Dynamically adjusting `reasoning-budget` per chat prediction in llama.cpp server #21445

SpeedyCraftah · 2026-04-04T19:36:41Z

SpeedyCraftah
Apr 4, 2026

I have a feeling this may be a no at the moment but wanted to ask in case I missed anything.
The llama.cpp server supports a --reasoning-budget flag which allows limiting the amount of reasoning tokens the model generates by prematurely appending an end sequence provided by --reasoning-budget-message and forcing an assistant response turn.
Since the Qwen3.5 models running at my quant levels seem to overthink a lot (borderline infinitely) with certain system prompts or user messages, I find this parameter to be paramount in my use case.

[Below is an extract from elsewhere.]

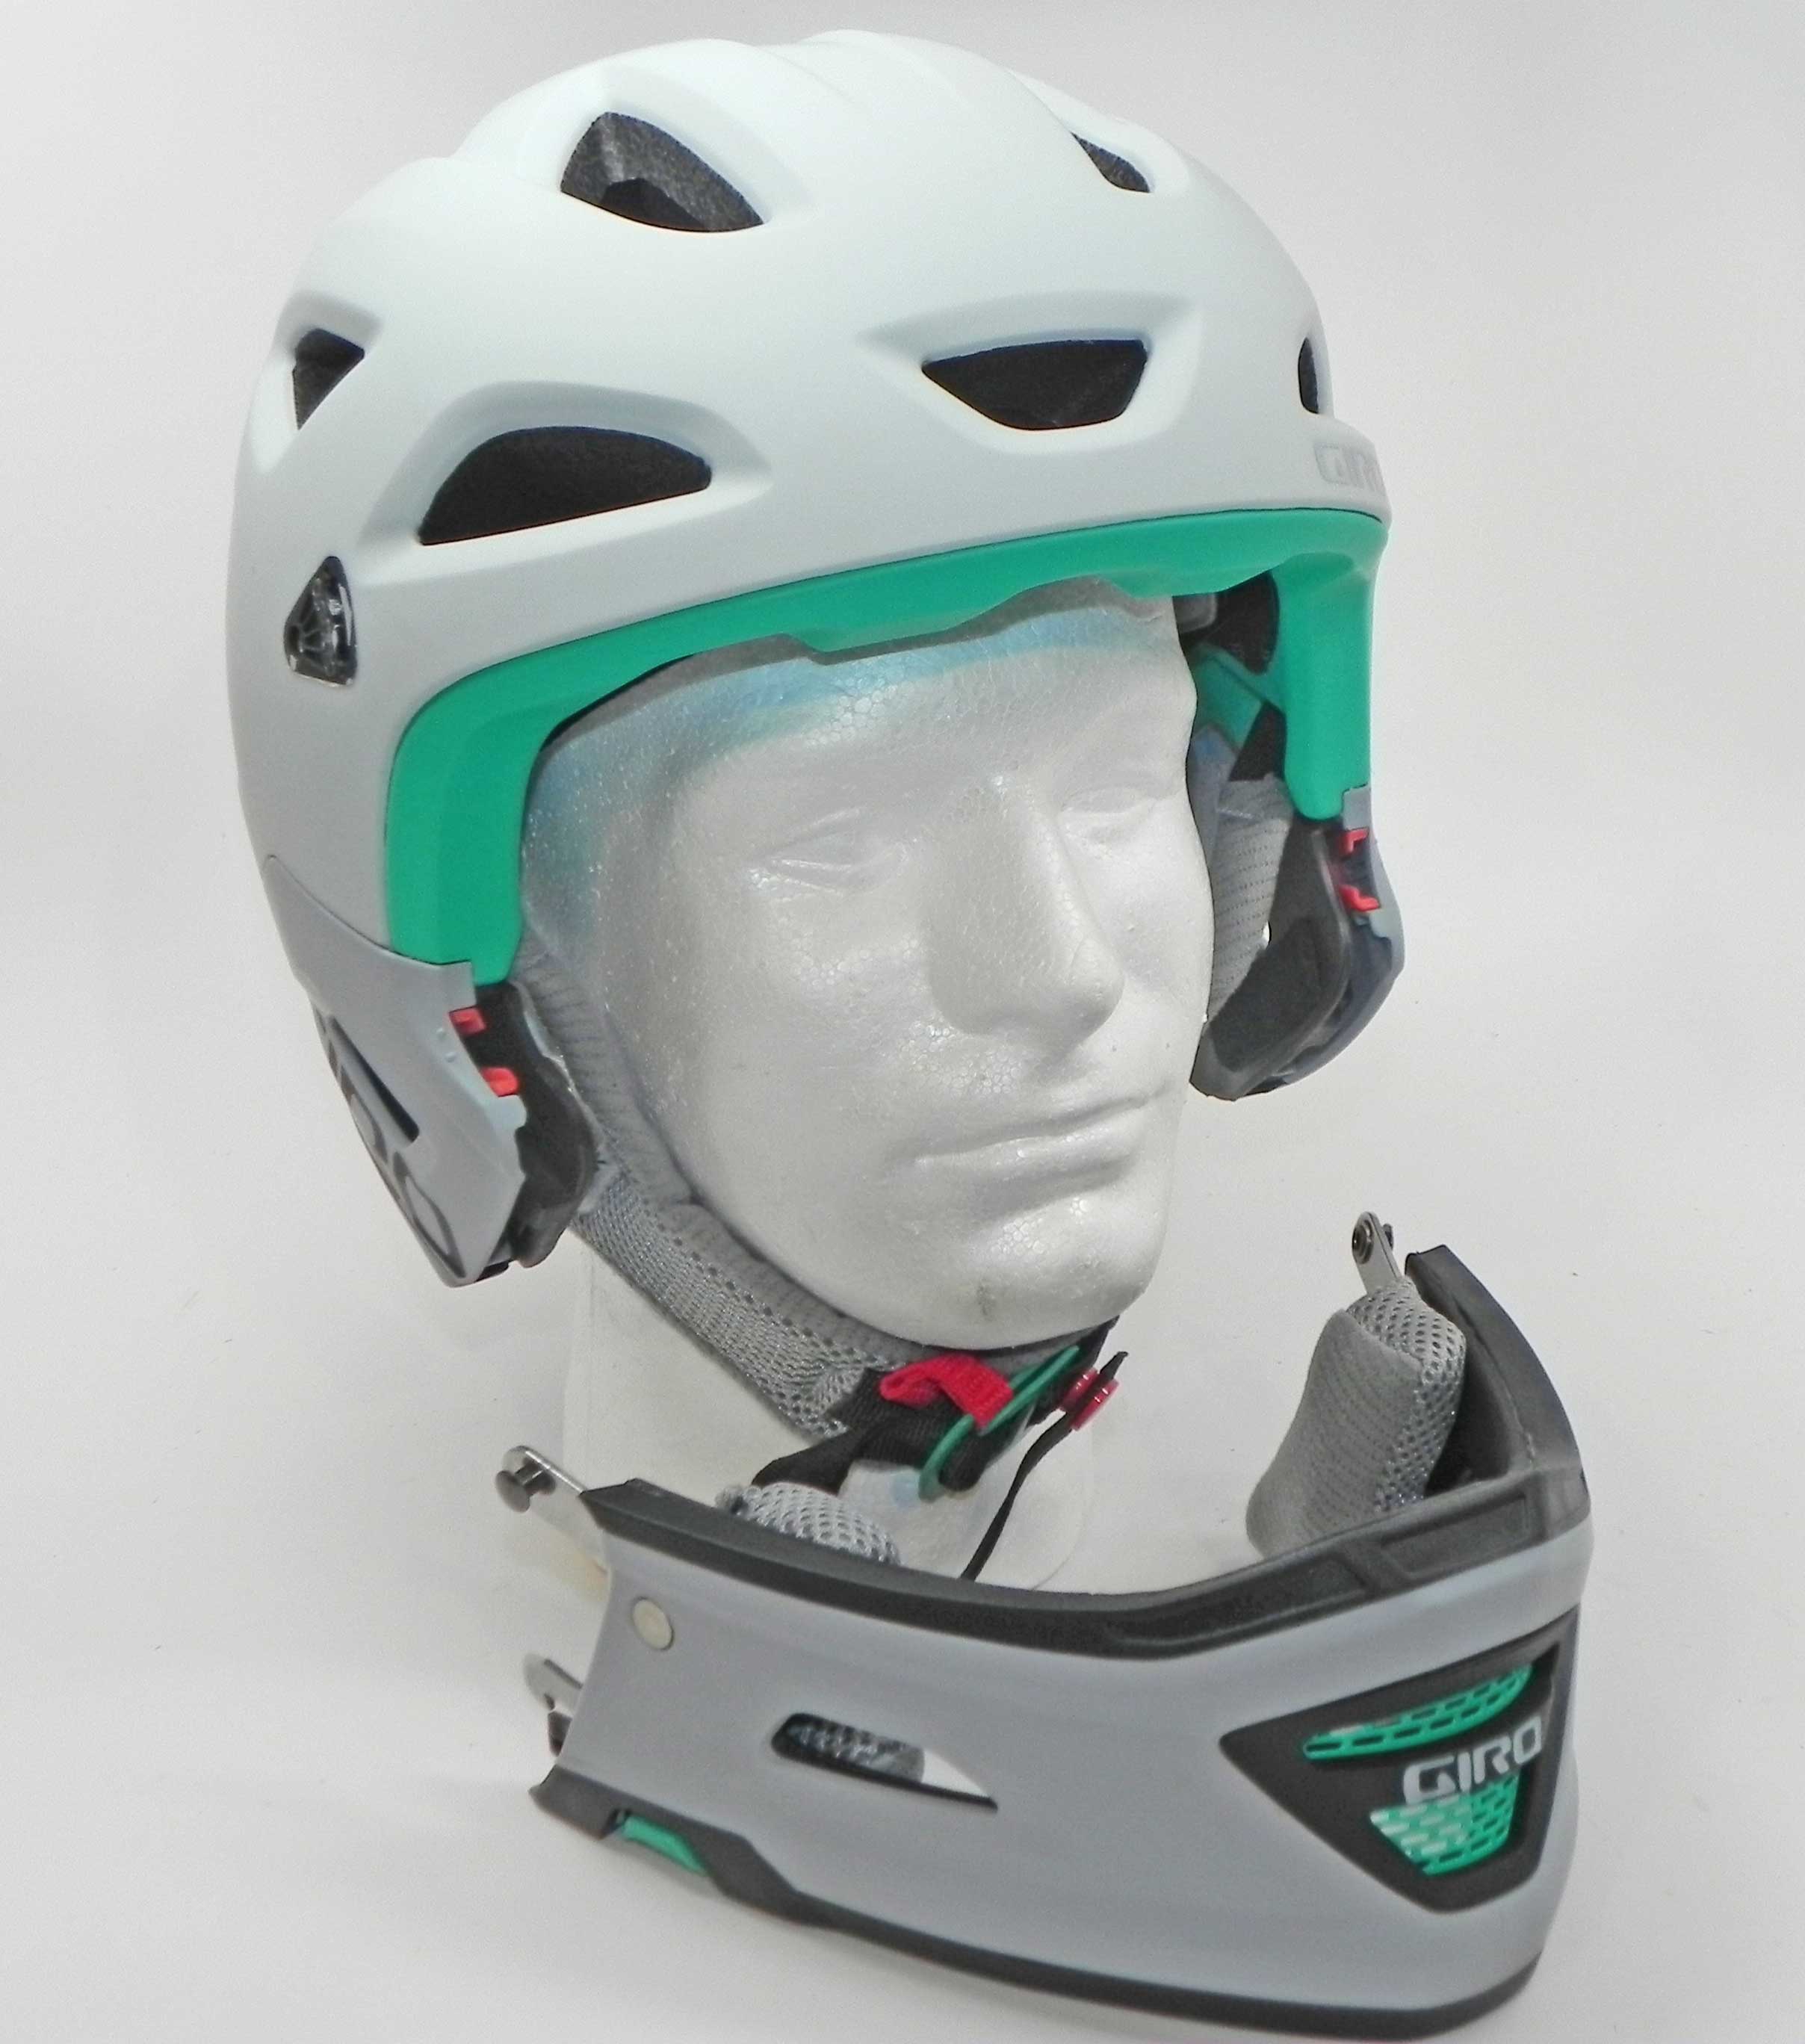 Bicycle Helmets the 2021 Season
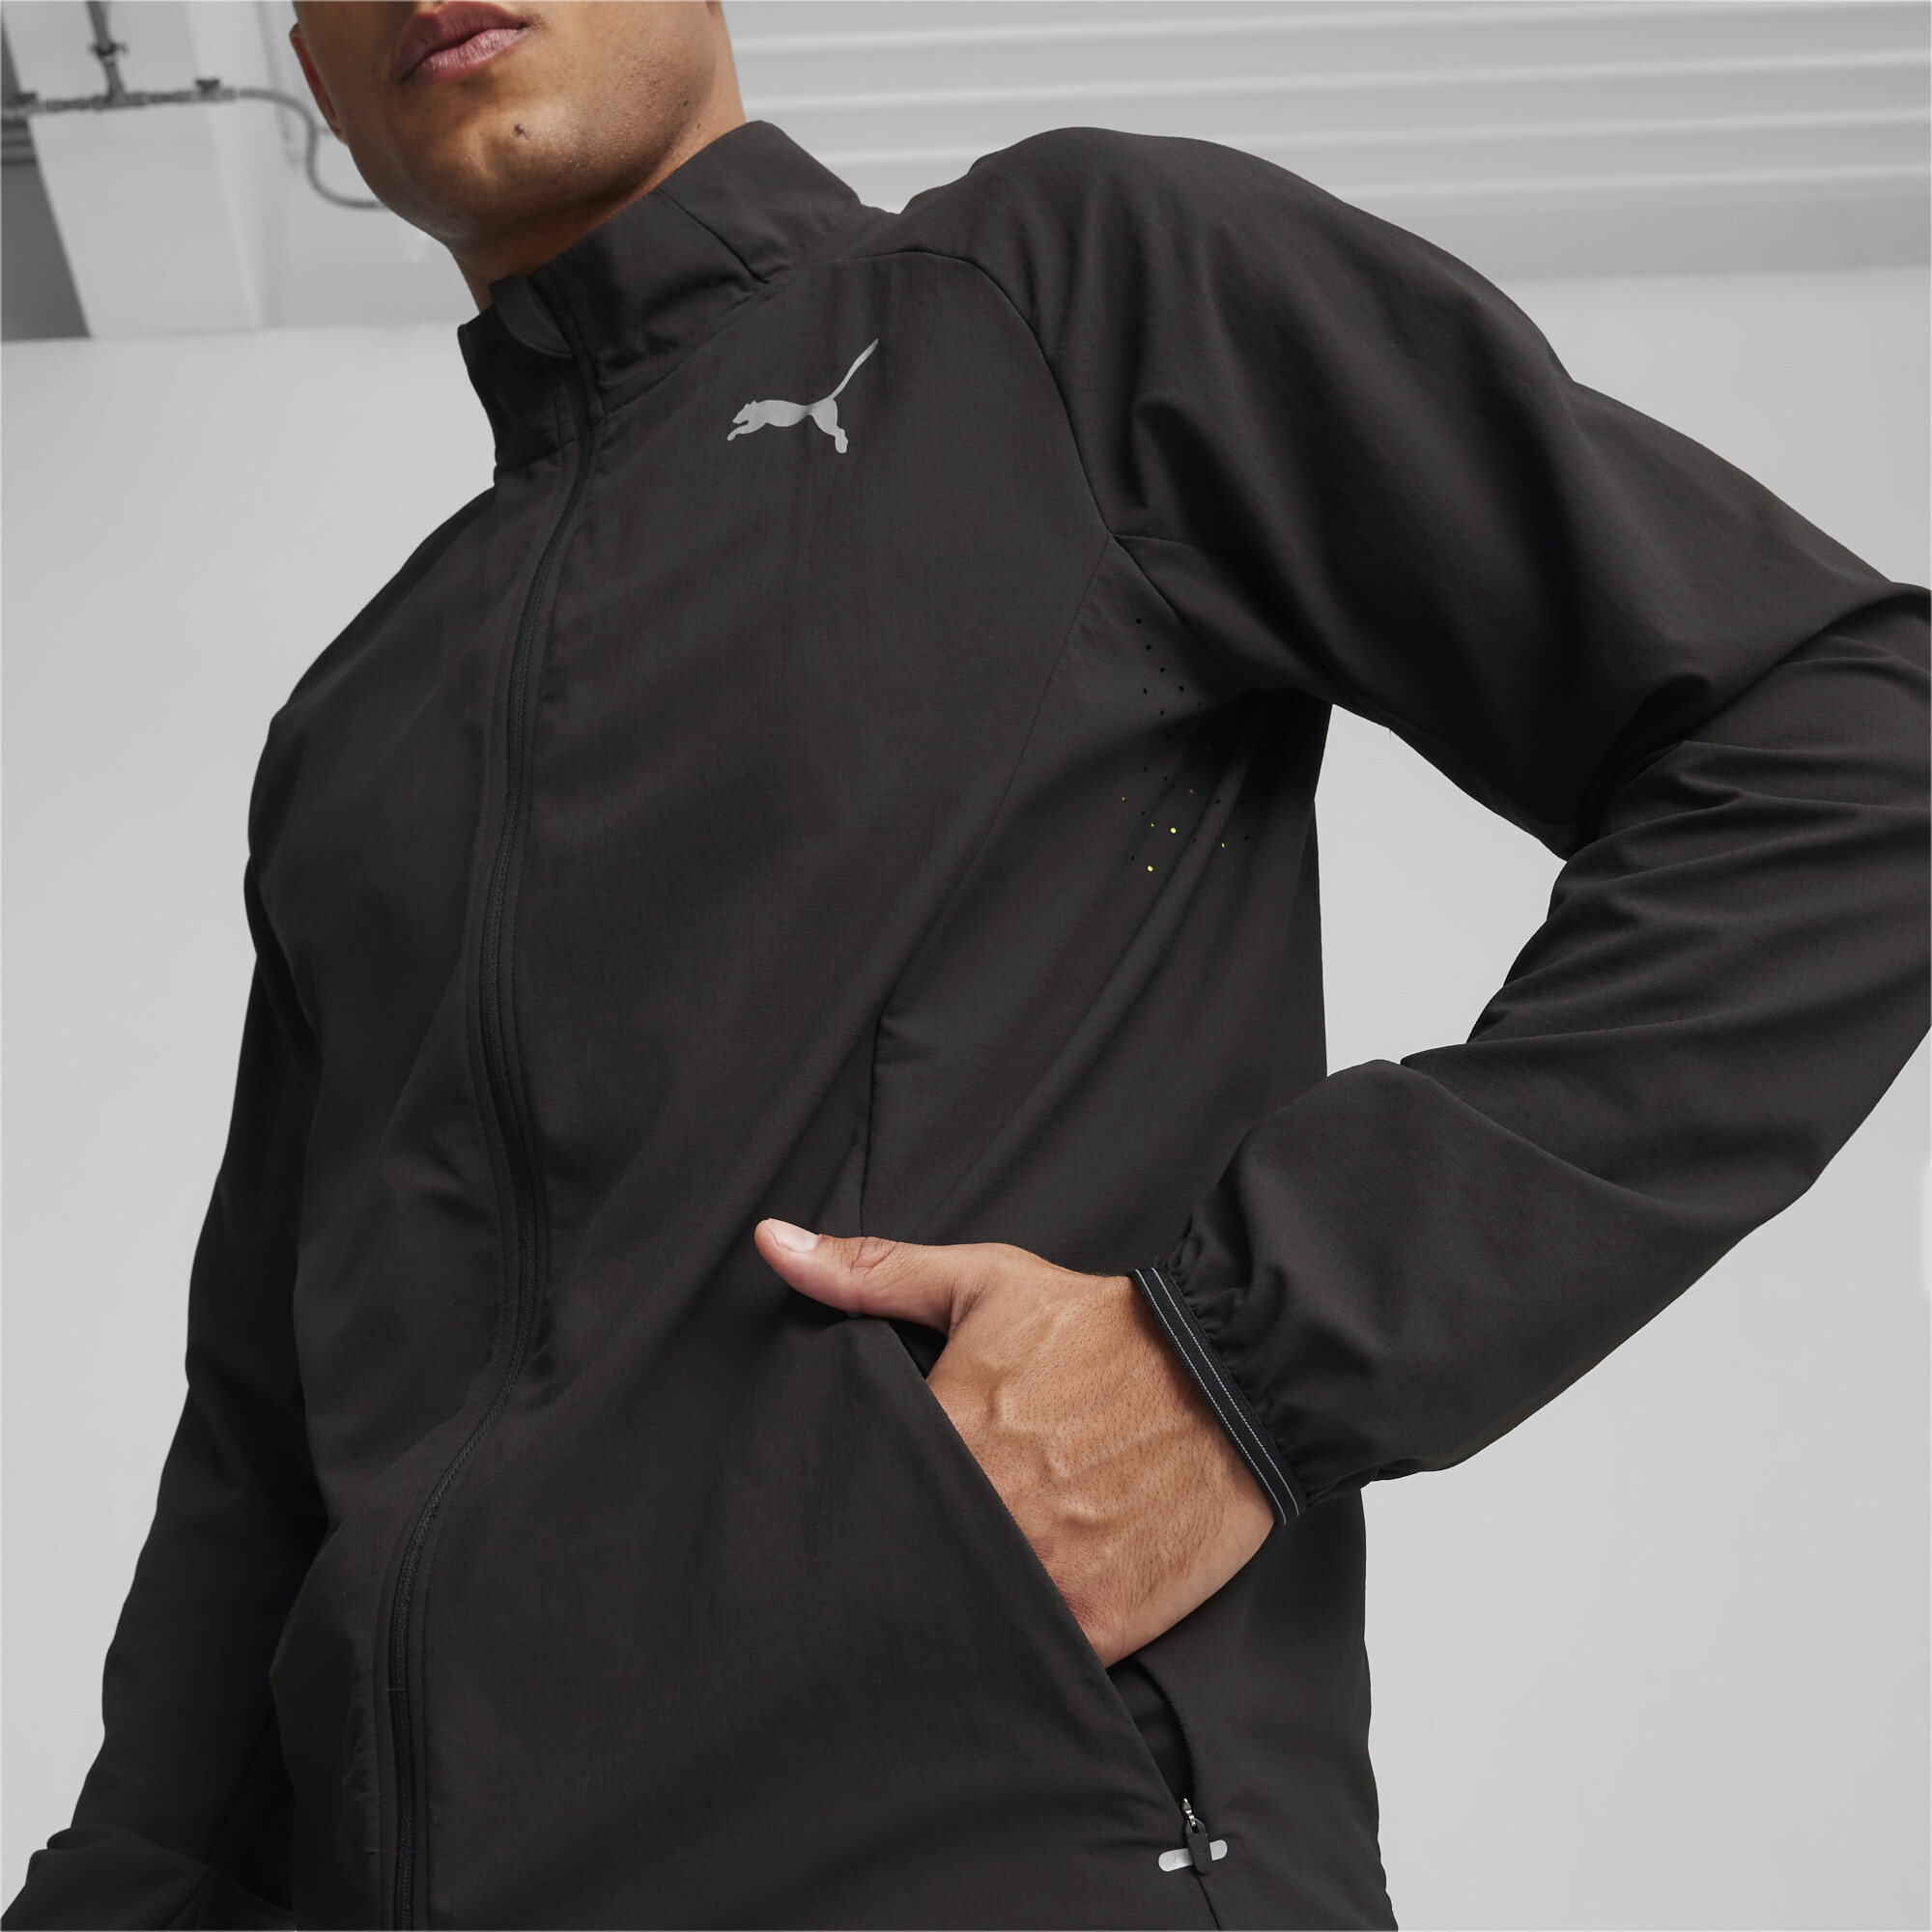 Men's PUMA RUN Elite Jacket In Black, Size XL

However, I have recently encountered a use-case where I want the reasoning budget to be either smaller or bigger depending on the prediction that is taking place, for example for a one-off classification task I want to allow a much bigger reasoning budget, while for a typical user-chat response I want a much smaller budget to prevent the user from waiting a very long time because Qwen decided to spiral into a reasoning frenzy, and the nature of the chat isn't any accuracy-important reasoning task, hence interrupted reasoning is acceptable in this case (Qwen usually performs its most valuable reasoning in the first X amount of tokens, after that it tends to just be useless overthinking so early termination is actually very effective).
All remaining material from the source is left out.